Language of document : ECLI:EU:T:2015:994





Arrest van het Gerecht (Eerste kamer) van 16 december 2015 –
Air Canada/Commissie

(Zaak T‑9/11)

„Mededinging – Mededingingsregelingen – Europese luchtvrachtmarkt – Overeenkomsten en onderling afgestemde feitelijke gedragingen met betrekking tot meerdere prijsonderdelen voor luchtvrachtdiensten (instelling van brandstoftoeslagen en veiligheidstoeslagen, weigering van betaling van een commissie over de toeslagen) – Artikel 101 VWEU, artikel 53 van de EER-Overeenkomst en artikel 8 van de Overeenkomst tussen de Gemeenschap en Zwitserland inzake luchtvervoer – Motiveringsplicht”

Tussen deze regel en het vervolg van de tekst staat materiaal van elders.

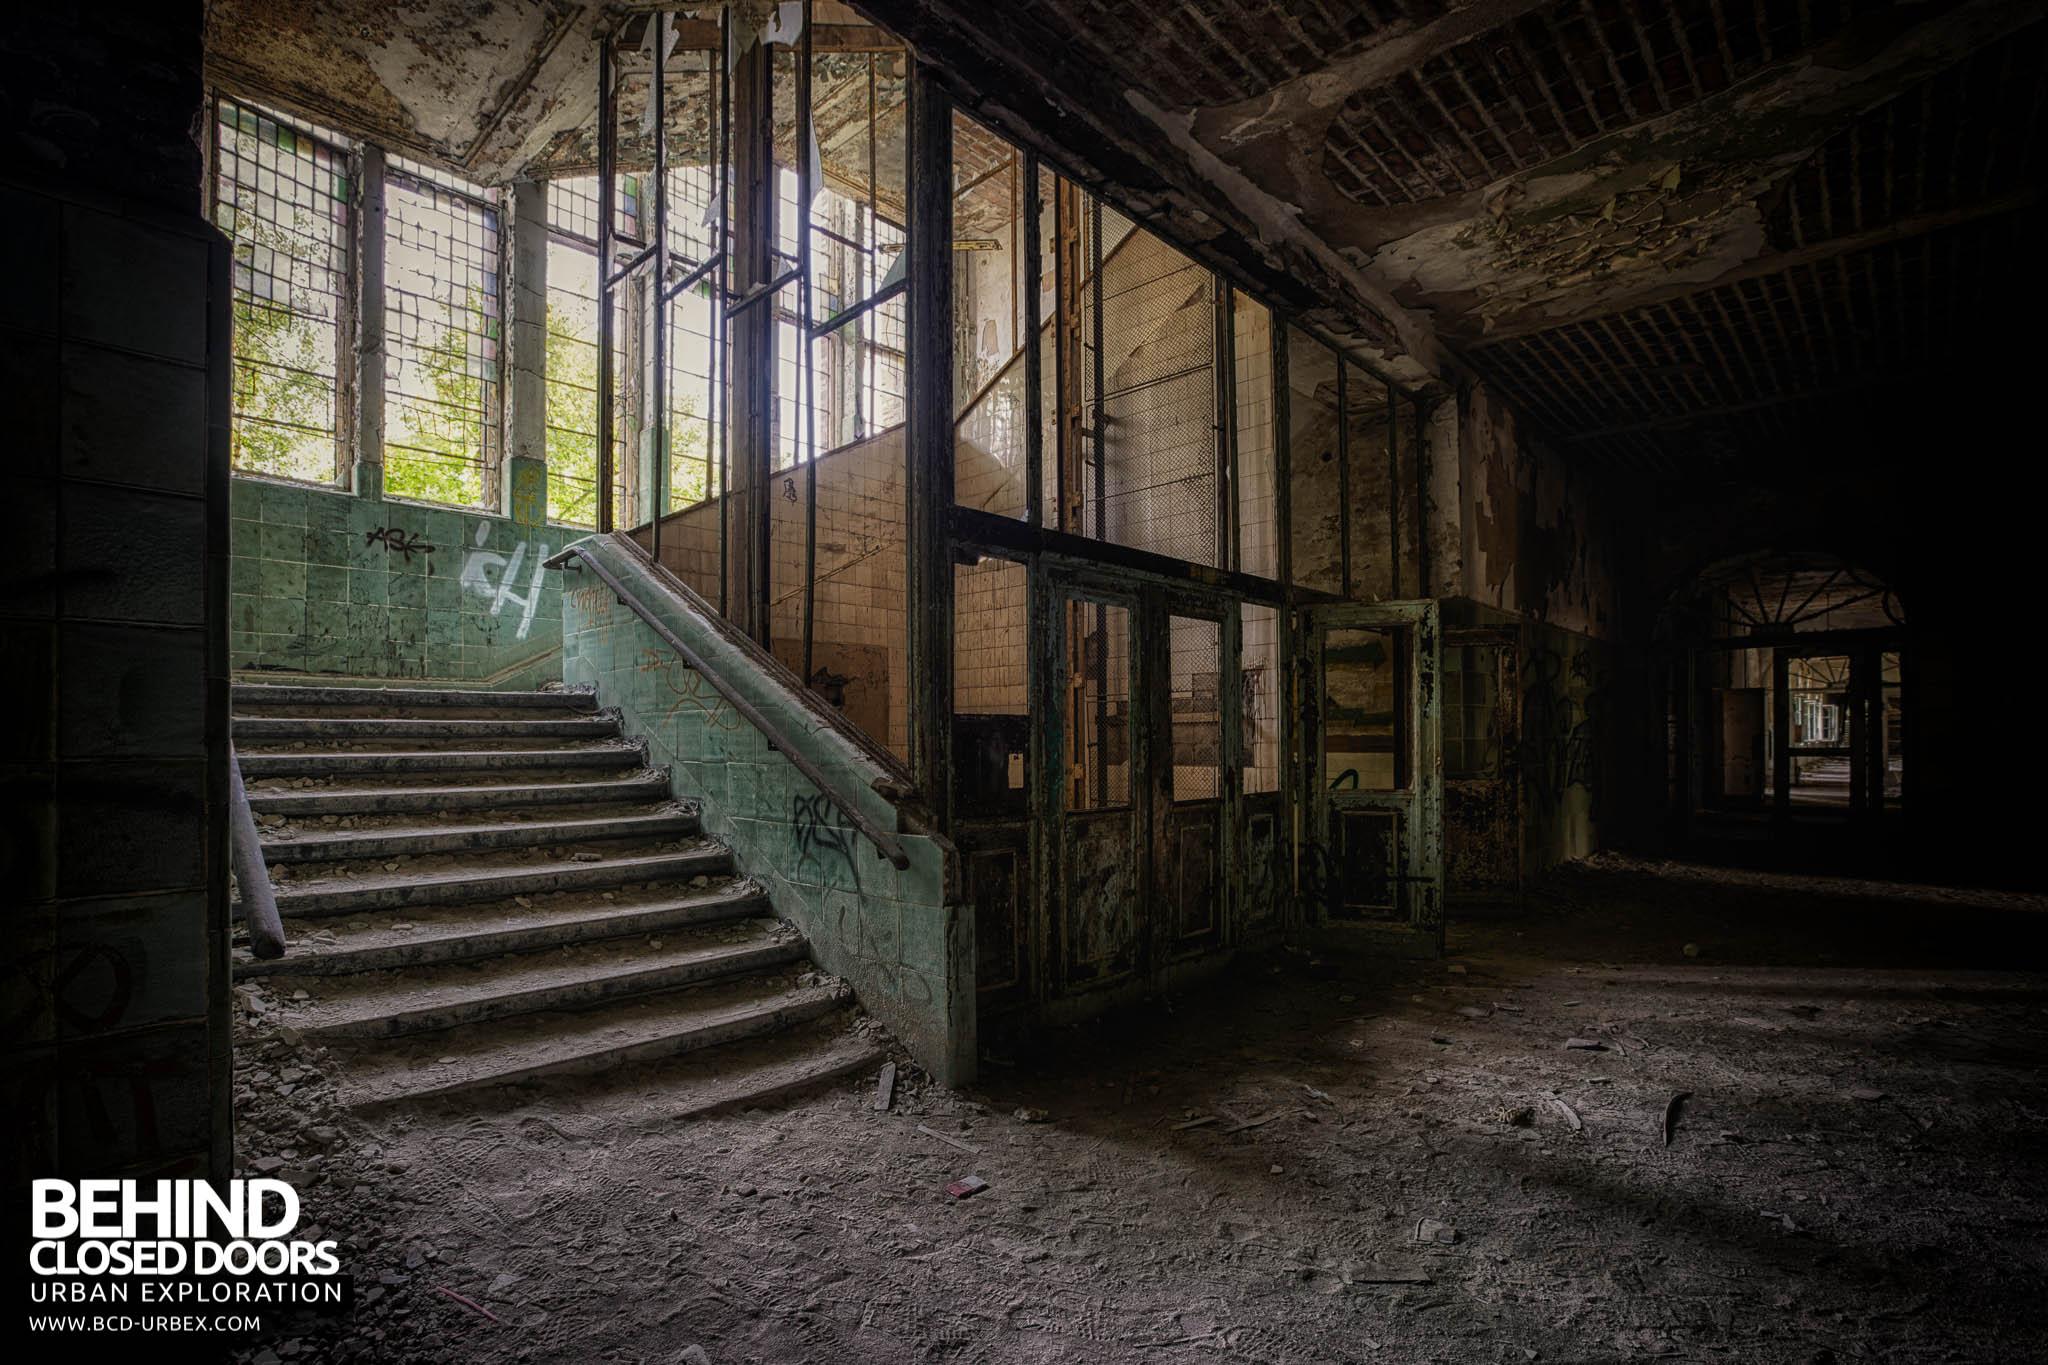 Behind Closed Doors : Beelitz heilstätten women s lung hospital germany

1.                     Handelingen van de instellingen – Motivering – Verplichting – Omvang – Besluit tot toepassing van de mededingingsregels – Besluit van de Commissie tot vaststelling van een inbreuk en oplegging van een geldboete – Vereisten die voortvloeien uit het beginsel van effectieve rechterlijke bescherming – Duidelijkheid en nauwkeurigheid van het dispositief van het besluit (Art. 101, lid 1, VWEU en 296 VWEU; EER-Overeenkomst, art. 53; overeenkomst EG-Zwitserland inzake luchtvervoer, art. 8; verordening nr. 1/2003 van de Raad, art. 2 en 23, lid 5) (cf. punten 31‑35)

2.                     Mededinging – Administratieve procedure – Besluit van de Commissie tot vaststelling van een inbreuk – Vaststelling van de bestrafte inbreuken – Vaststelling van de personen op wie het besluit betrekking heeft – Voorrang van het dispositief boven de motivering (Art. 101, lid 1, VWEU en 296 VWEU; EER-Overeenkomst, art. 53; overeenkomst EG-Zwitserland inzake luchtvervoer, art. 8; verordening nr. 1/2003 van de Raad, art. 2) (cf. punt 36)

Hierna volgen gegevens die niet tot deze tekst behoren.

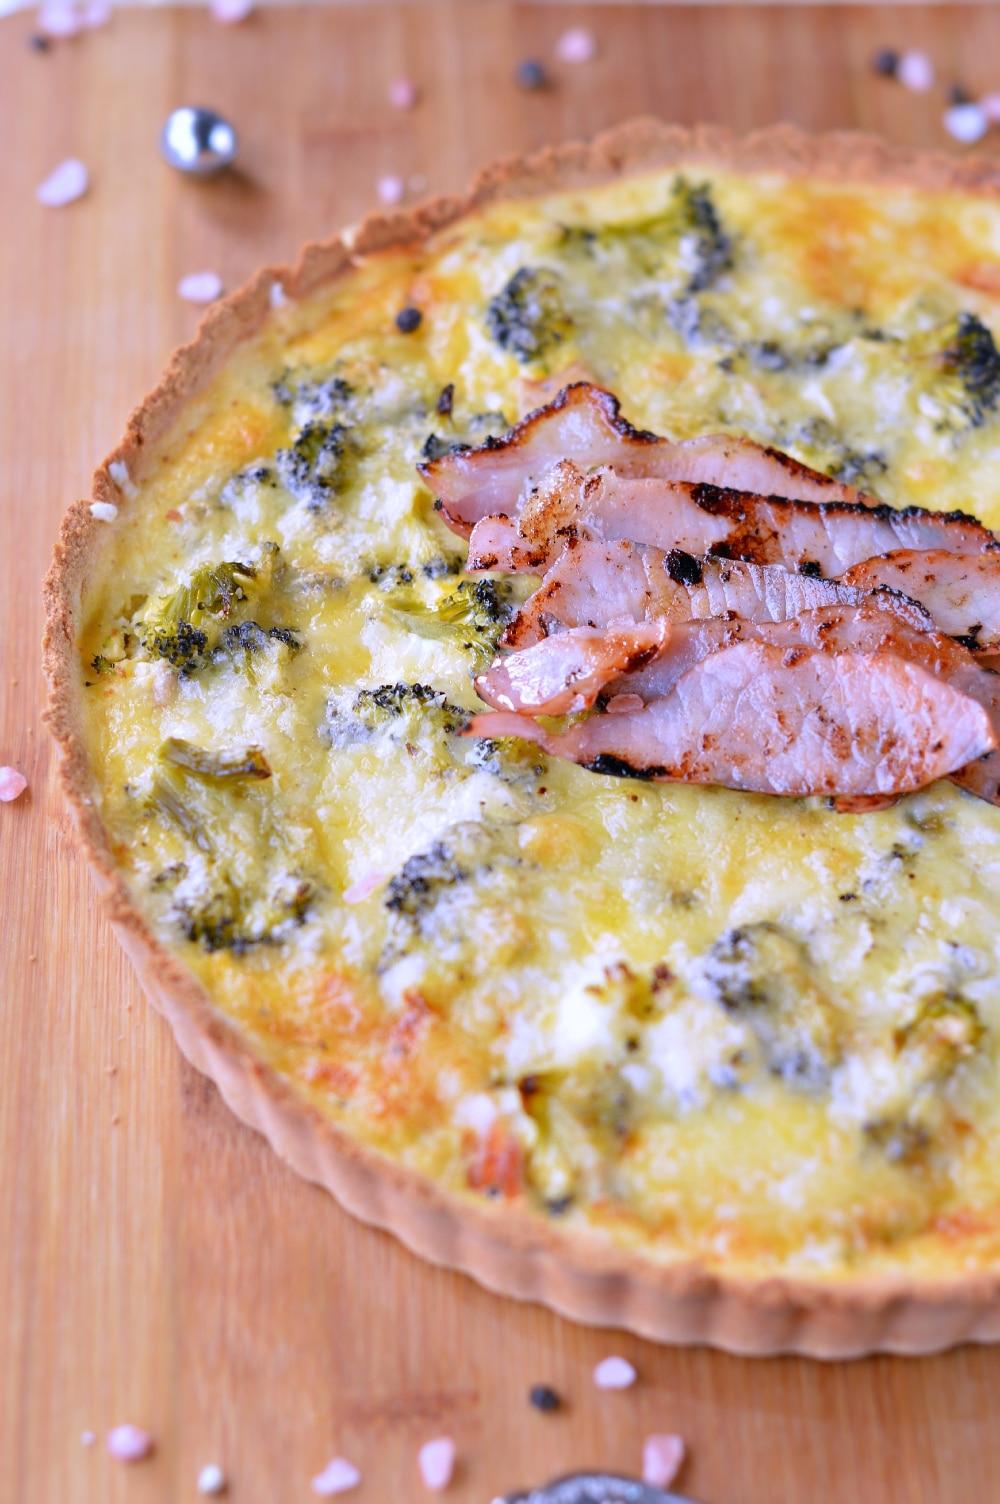 healthy broccoli quiche keto gluten free

3.                     Mededingingsregelingen – Verbod – Rechtstreekse werking – Recht van particulieren om vergoeding van de geleden schade te vorderen – Wijze van uitoefening – Inbreuken waarop een besluit van de Commissie betrekking heeft – Besluit bindend voor de nationale rechter – Draagwijdte – Belang van de duidelijkheid en de nauwkeurigheid van het dispositief van het besluit (Art. 101, lid 1, VWEU en 296 VWEU; EER-Overeenkomst, art. 53; overeenkomst EG-Zwitserland inzake luchtvervoer, art. 8; verordening nr. 1/2003 van de Raad, art. 2 en 16, lid 1) (cf. punten 37‑43)

4.                     Mededingingsregelingen – Overeenkomsten en onderling afgestemde feitelijke gedragingen, die één enkele inbreuk vormen – Ondernemingen waaraan de inbreuk bestaande in deelneming aan een algehele mededingingsregeling ten laste kan worden gelegd – Criteria – Eén enkel doel en totaalplan (Art. 101, lid 1, VWEU; EER-Overeenkomst, art. 53; overeenkomst EG-Zwitserland inzake luchtvervoer, art. 8; verordening nr. 1/2003 van de Raad, art. 2) (cf. punten 57, 62)

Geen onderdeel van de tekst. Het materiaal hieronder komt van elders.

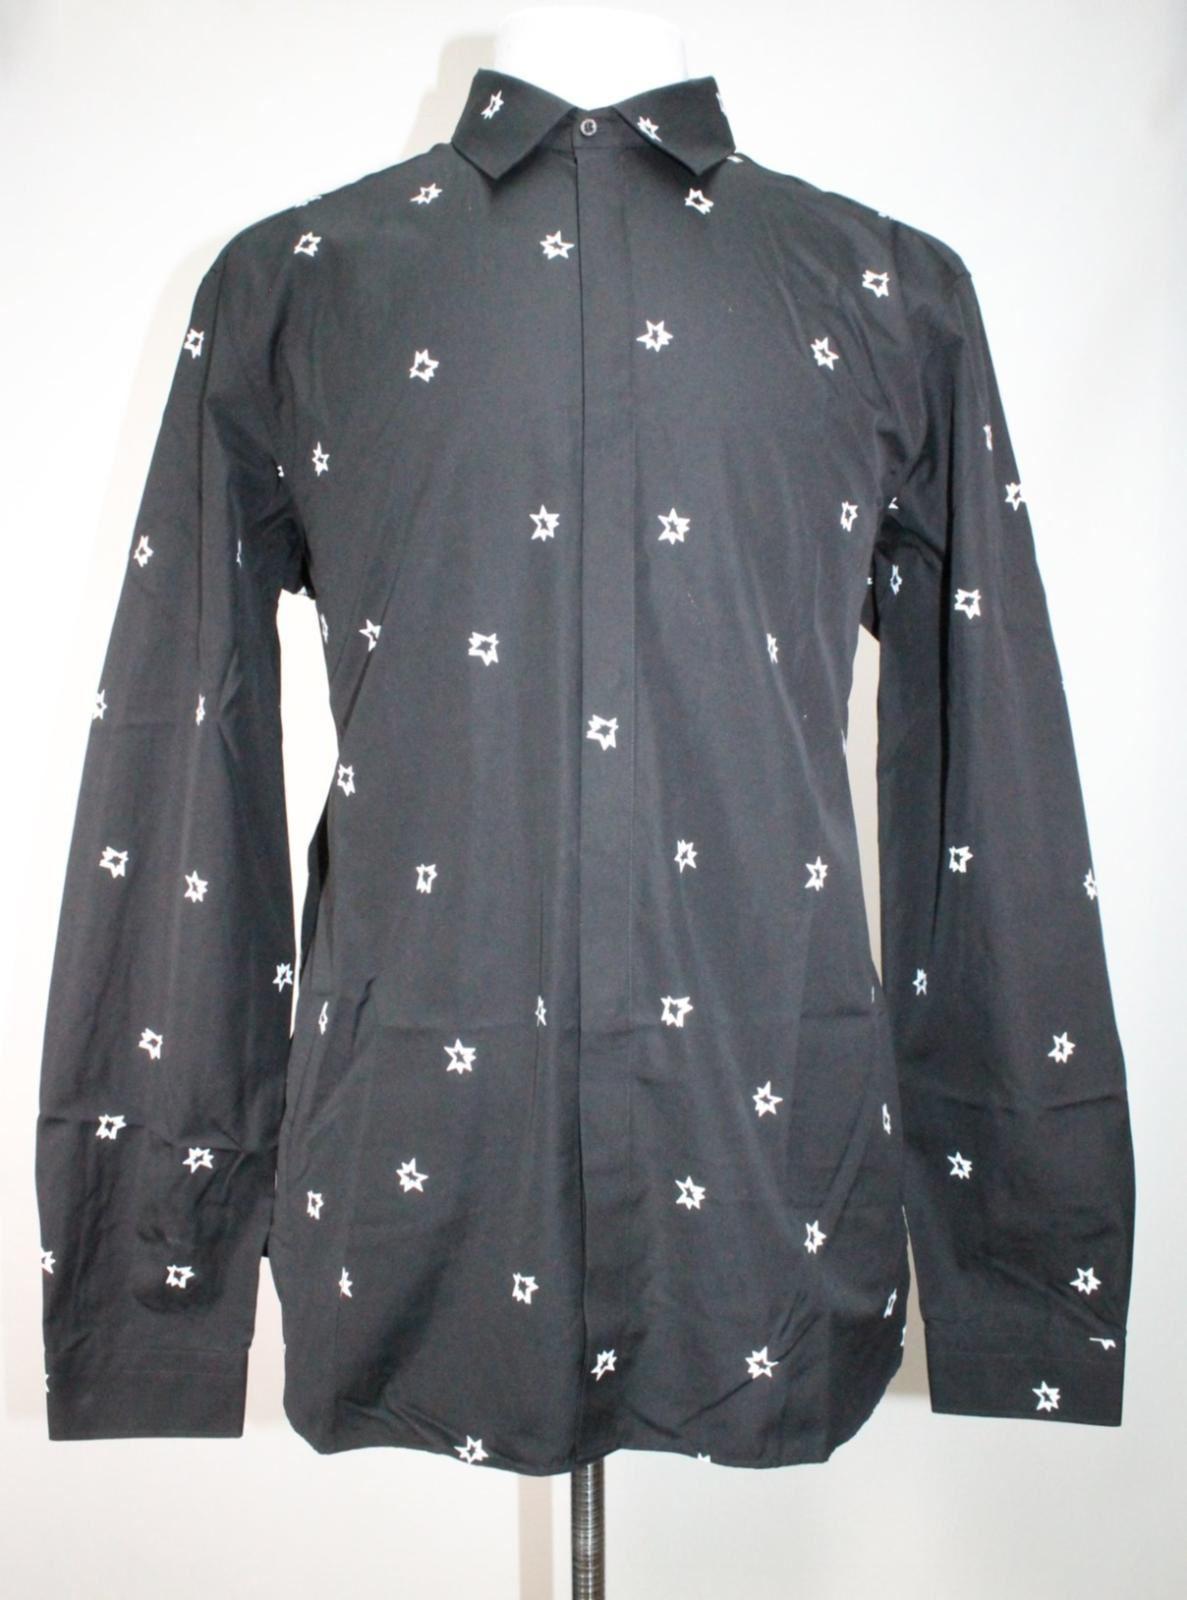 Neil-Barrett-Hombre-Negro-Algodon-Estampado-de-Estrellas-Calce-Ajustado-Camisa-Con-Cuello-16-5-034

5.                     Handelingen van de instellingen – Motivering – Verplichting – Omvang – Besluit tot toepassing van de mededingingsregels – Besluit van de Commissie tot vaststelling van een inbreuk en oplegging van een geldboete – Interne tegenstrijdigheden in het besluit – Gevolgen – Nietigverklaring – Voorwaarden – Aantasting van de rechten van verdediging van de bestrafte onderneming – Onmogelijkheid voor de Unierechter om zijn toezicht uit te oefenen (Art. 101, lid 1, VWEU en 296 VWEU; EER-Overeenkomst, art. 53; overeenkomst EG-Zwitserland inzake luchtvervoer, art. 8; verordening nr. 1/2003 van de Raad, art. 2) (cf. punten 60, 76‑78, 84, 85)

6.                     Handelingen van de instellingen – Motivering – Verplichting – Omvang – Besluit tot toepassing van de mededingingsregels – Regularisatie van een motiveringsgebrek tijdens de contentieuze procedure – Ontoelaatbaarheid (Art. 101, lid 1, VWEU en 296 VWEU; EER-Overeenkomst, art. 53; overeenkomst EG-Zwitserland inzake luchtvervoer, art. 8; verordening nr. 1/2003 van de Raad, art. 2) (cf. punten 82, 83)

7.                     Beroep tot nietigverklaring – Bevoegdheid van de Unierechter – Conclusies strekkende tot een bevel aan een instelling – Niet-ontvankelijkheid (Art. 263 VWEU en 266 VWEU) (cf. punt 88)

Voorwerp

Verzoek tot nietigverklaring van besluit C(2010) 7694 definitief van de Commissie van 9 november 2010 betreffende een procedure op grond van artikel 101 VWEU, artikel 53 van de EER-Overeenkomst en artikel 8 van de Overeenkomst tussen de Europese Gemeenschap en de Zwitserse Bondsstaat inzake luchtvervoer (zaak COMP/39258 – Luchtvracht), voor zover dit is gericht tot verzoekster, en, subsidiair, tot verlaging van de geldboete die aan deze laatste is opgelegd

Dictum

1)

Besluit C(2010) 7694 definitief van de Commissie van 9 november 2010 betreffende een procedure op grond van artikel 101 VWEU, artikel 53 van de EER-Overeenkomst en artikel 8 van de Overeenkomst tussen de Europese Gemeenschap en de Zwitserse Bondsstaat inzake luchtvervoer (zaak COMP/39258 – Luchtvracht) wordt nietig verklaard voor zover het betrekking heeft op Air Canada.

2)

Het beroep wordt verworpen voor het overige.

3)

De Europese Commissie draagt haar eigen kosten en die van Air Canada.